At the same time, EMC faithfully held dialogues to discuss ministry and theology with United Methodism’s missions bureaucracy. The talks proved to be fruitless, but the call to missions message was being spread.
In those dire times, The Mission Society for United Methodists was independently formed and christened in 1984. There was a definite need for a supplemental mission-sending agency in that era. The Mission Society began because of a widely perceived movement of the General Board of Global Ministries (GBGM) away from ministry that had a specific objective of helping people come to faith in Jesus Christ.

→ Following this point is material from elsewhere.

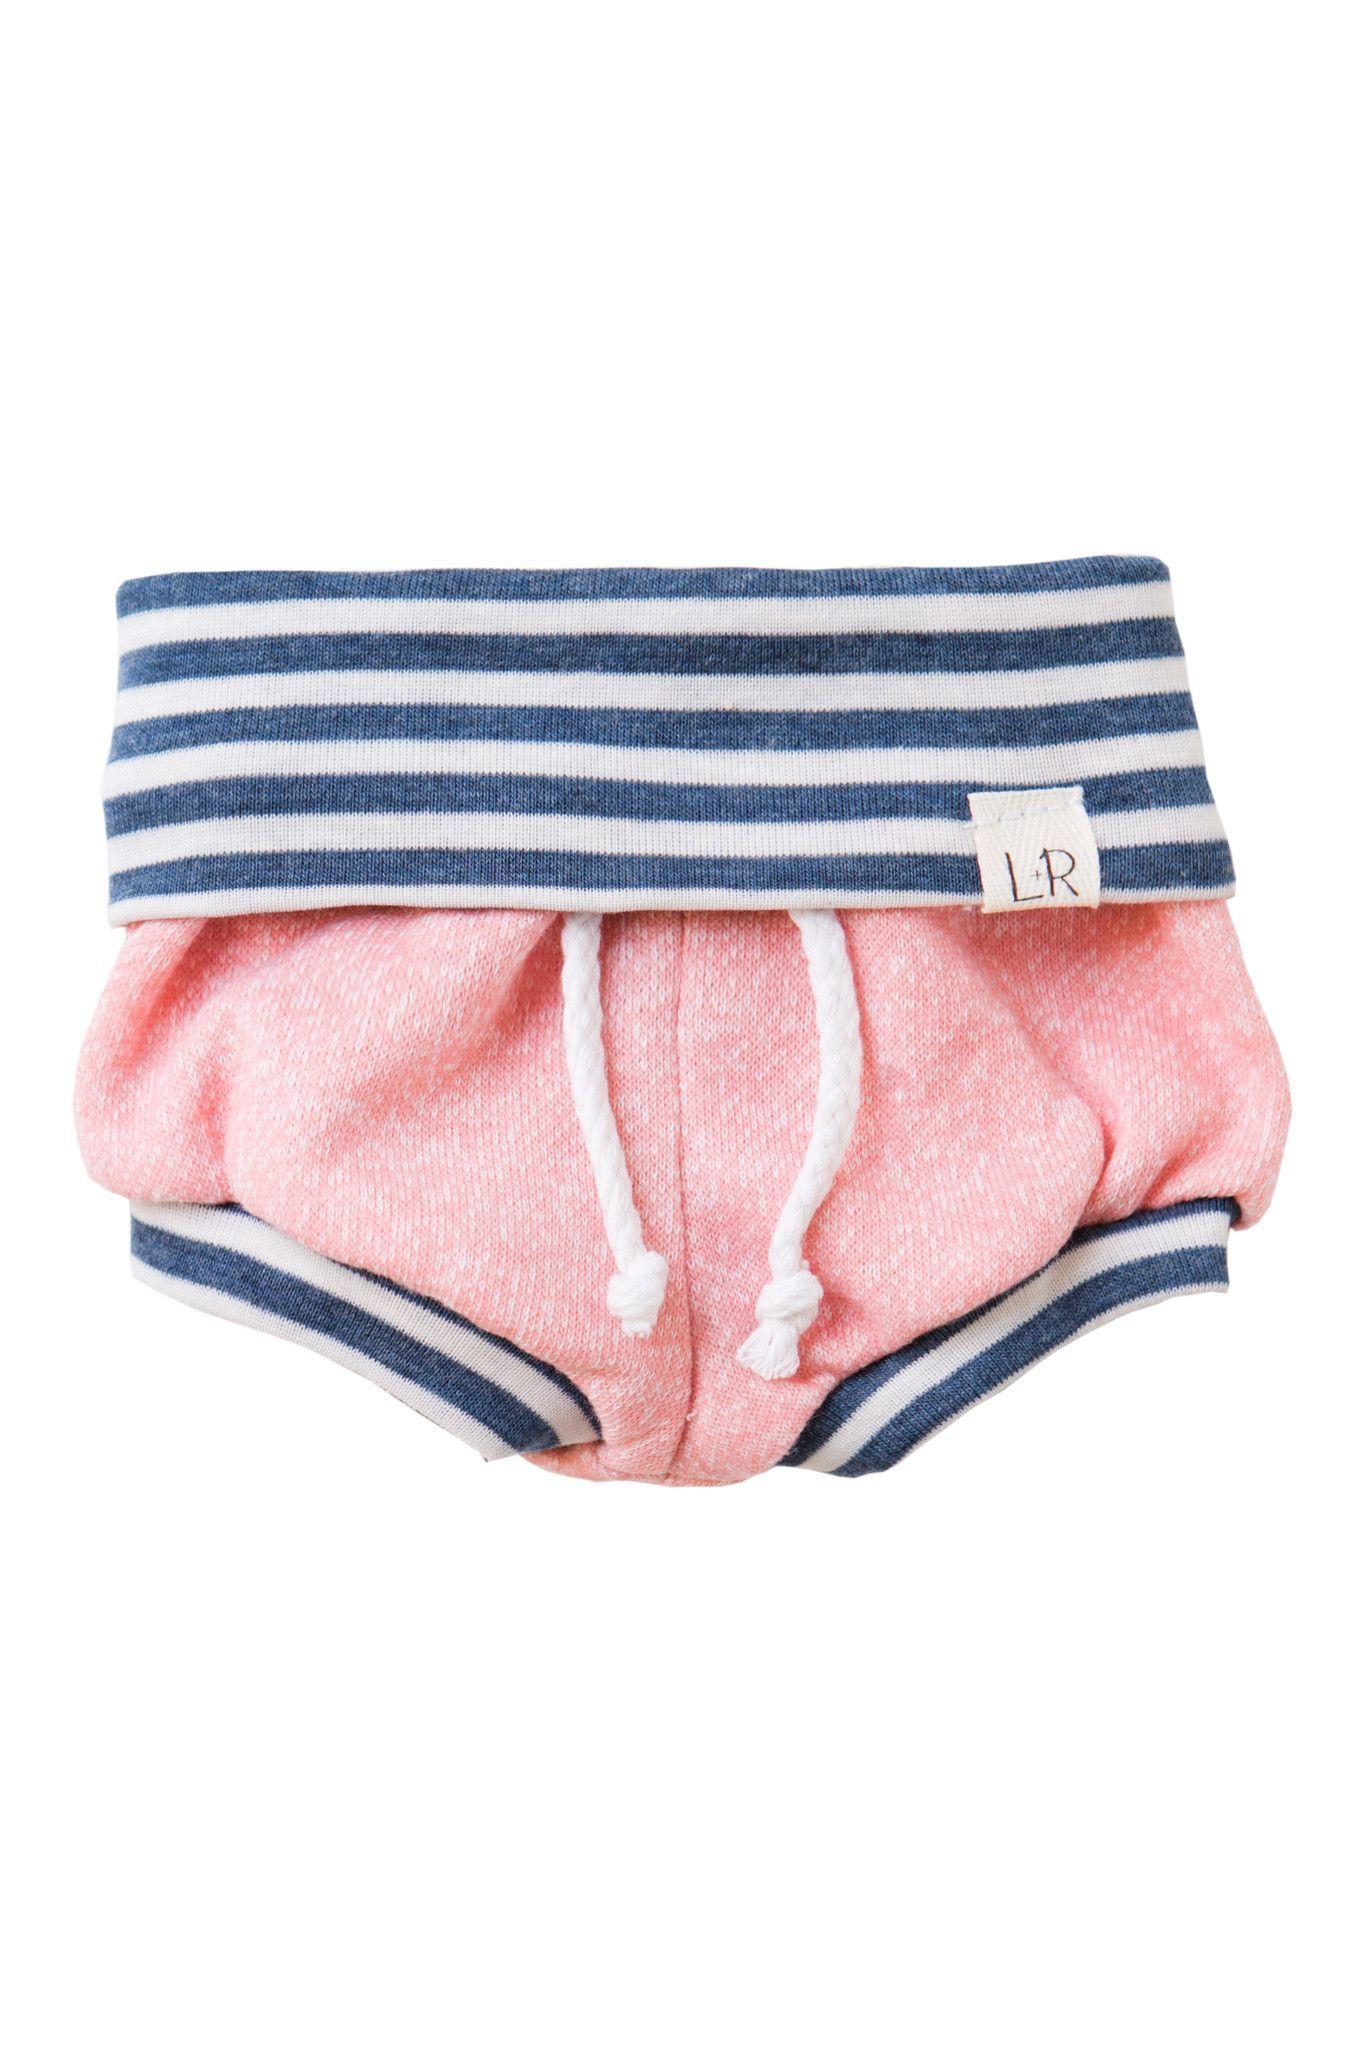 Lulu + Roo   Shorties in Blush and Navy Stripe
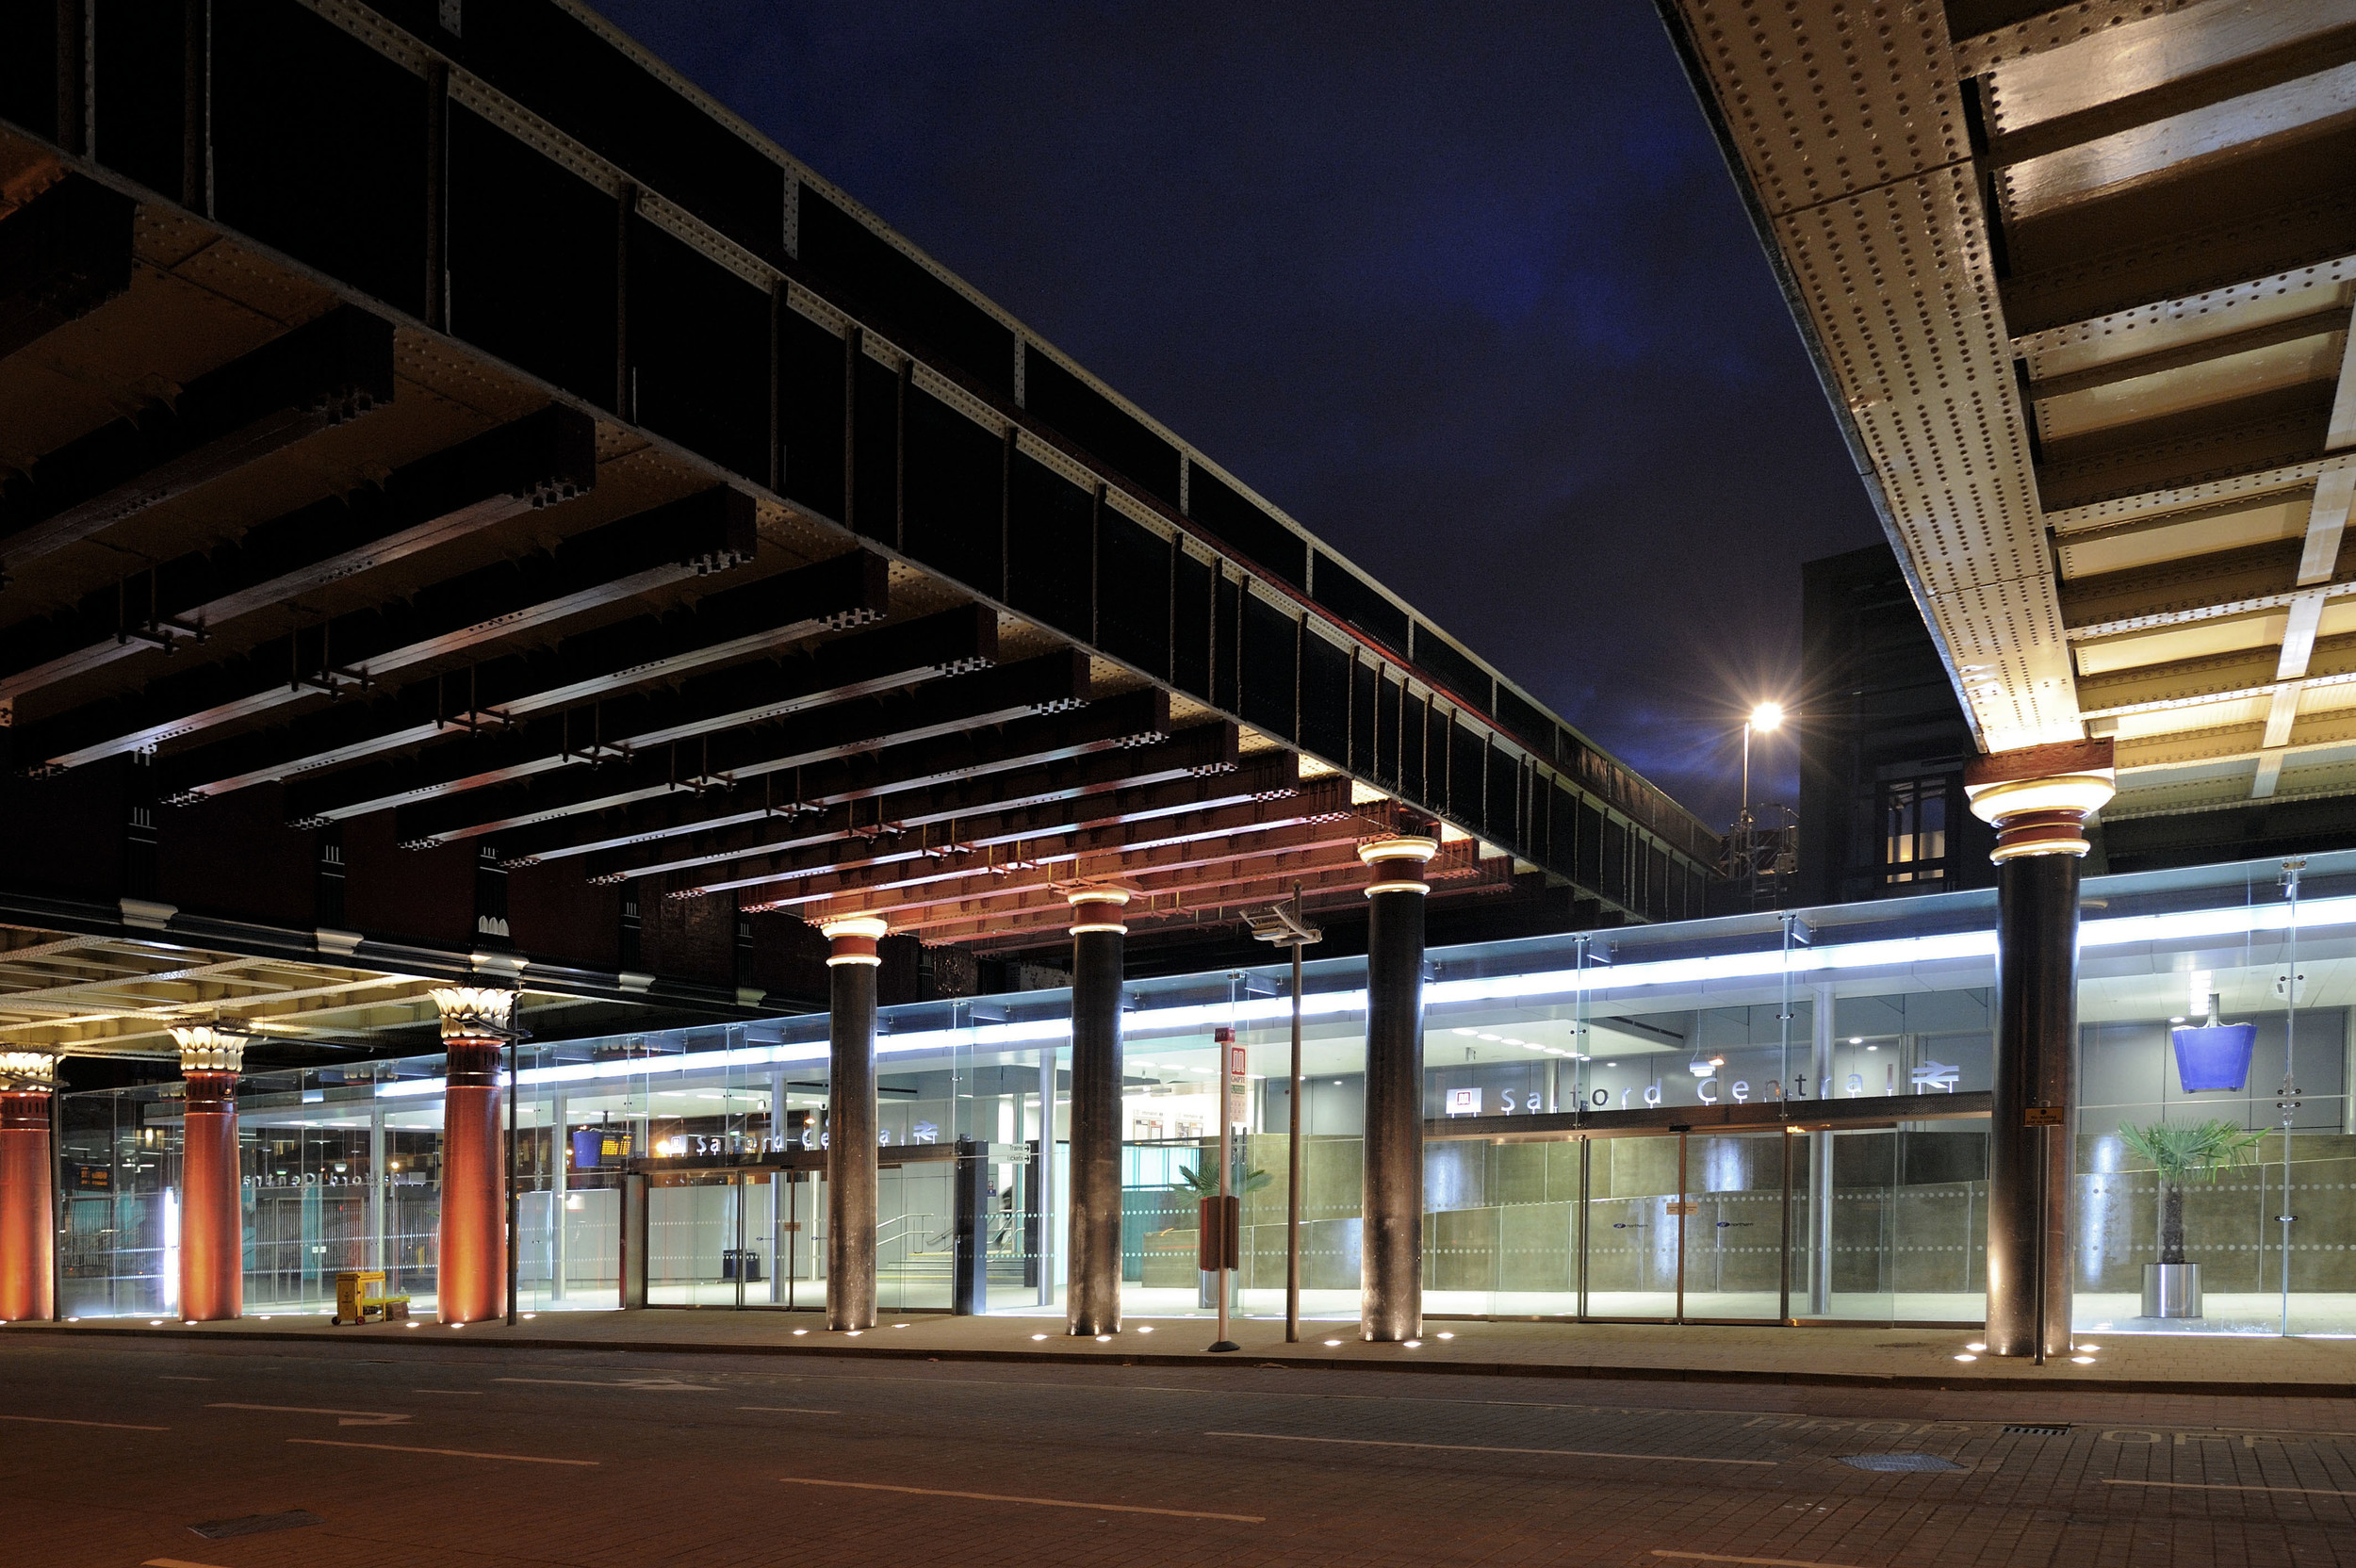 Salford Central Station at Night 3

Furthermore, there was a dramatic reduction in the number of missionaries being sent by the UM Church around the world.
In 1968, there were 1,650 missionaries serving outside the United States at the time of the Methodist and Evangelical United Brethren (EUB) merger. Unfortunately, by the early 1980s, the GBGM slashed its missionary ranks to slightly over 500. Those numbers eventually dropped even further.
Looking back several decades later, the politically-charged era of the times and the inflexible progressivism of the GBGM are different today. Nevertheless, the pain that took place many years ago over missions within our denomination is indisputable and authentic. As Good News celebrates 50 years of ministry within The United Methodist Church, we share the following adapted report on the debate over missions within our denomination by Dr. Riley B. Case, author of Evangelical & Methodist: A Popular History (Abingdon). – Good News
By Riley Case-
At the time of the emergence of Good News, Methodist seminaries were caught up in the radicalism of the age and began redefining words such as “salvation,” “commitment,” and “evangelism.” Professors began stressing that the kingdom of God was this-worldly and was related to political and economic justice. There was cynicism and sometimes outright hostility toward local churches rooted in the thinking of the past. The seminaries became centers of criticism for those who stressed a “personal” rather than a “social” gospel. In the ensuing controversies, traditional evangelism was often pitted against social justice. These controversies carried over to the missionary outreach of the Church. The Church, it was maintained, needed to send out new and different kinds of missionaries, if it sent out missionaries at all.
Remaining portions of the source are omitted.